Cristina Rivera Garza
Nadie
me verá llorar
Título original: Nadie me verá llorar
Cristina Rivera Garza, 1999
Ilustración de la cubierta: El suicidio de Dorothy Hale, óleo sobre
madera (1939), de Frida Kahlo
Fotografía de la autora: Ernesto
Lehn
a lrg
Para Hilda Garza Bermea y Antonio
Rivera Peña
Esta enferma observa buena
conducta. Le gusta trabajar, es dedicada y tiene buen carácter. La enferma
habla mucho, ésta es su excitación.
«Estudio psico-patológico de la
enferma Matilda Burgos del pabellón tranquilas, primera sección».
Profesora Magdalena O. viuda de Álvarez
Departamento de sarapes y de
rebozos
Mixcoac, D.F., Manicomio General,
30 de junio, 1935
Beware of those who say we are the beautiful losers
Diane Di Prima, Pieces of a Song
1
Reflejos, gradaciones de luz,
imágenes
Vemos por algo que nos ilumina;
por algo que no vemos.
Antonio Porchia
—¿Cómo se convierte uno en un
fotógrafo de locos?
Dentro de la cabeza de Joaquín
Buitrago hay un zumbido de abeja que no lo deja dormir ni descansar en paz. Matilda. Una palabra, un batir de alas.

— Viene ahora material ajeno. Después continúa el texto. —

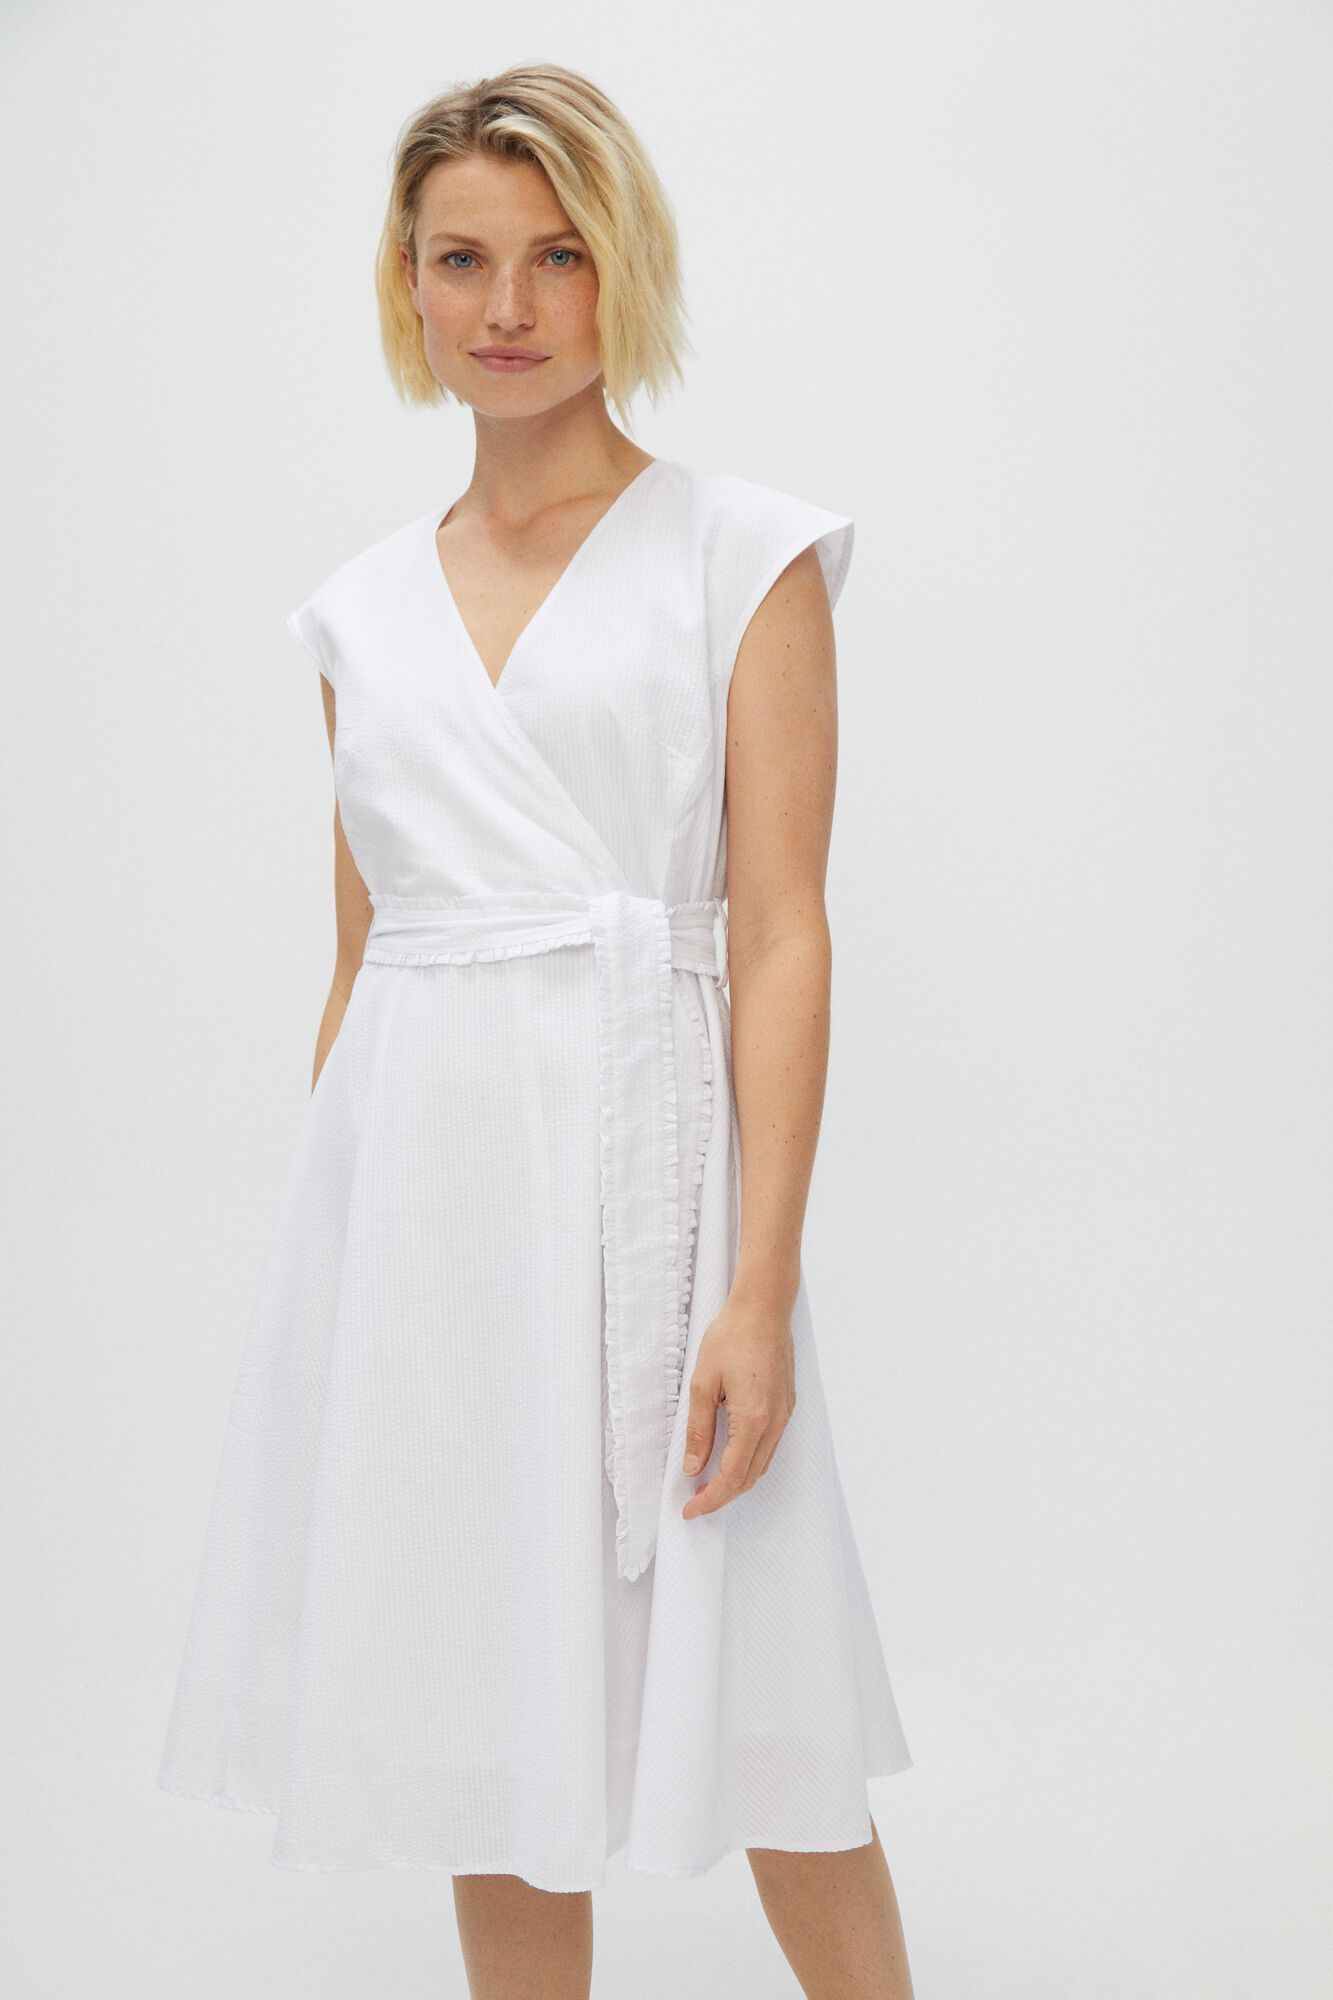 Vestido blanco manga corta

Despierto, con los músculos tensos y los ojos abiertos, enciende un cerillo. La
luz anaranjada del fósforo alumbra sus dedos manchados de nicotina y la
carátula del reloj de bolsillo bajo la cual las dos manecillas doradas, encima
la una sobre la otra, parecen haberse detenido para siempre a las doce en
punto. Con la misma llama enciende la lámpara de petróleo, el quemador
izquierdo de la estufa y un cigarrillo Monarca. Hay sobre su rostro una sombra
casi violeta a punto de convertirse en sonrisa que, sin embargo, se queda
congelada en una mueca sobre los labios. Aun sin verla, la expresión lo
molesta, lo avergüenza, pero no puede hacer nada para borrarla. Está alegre.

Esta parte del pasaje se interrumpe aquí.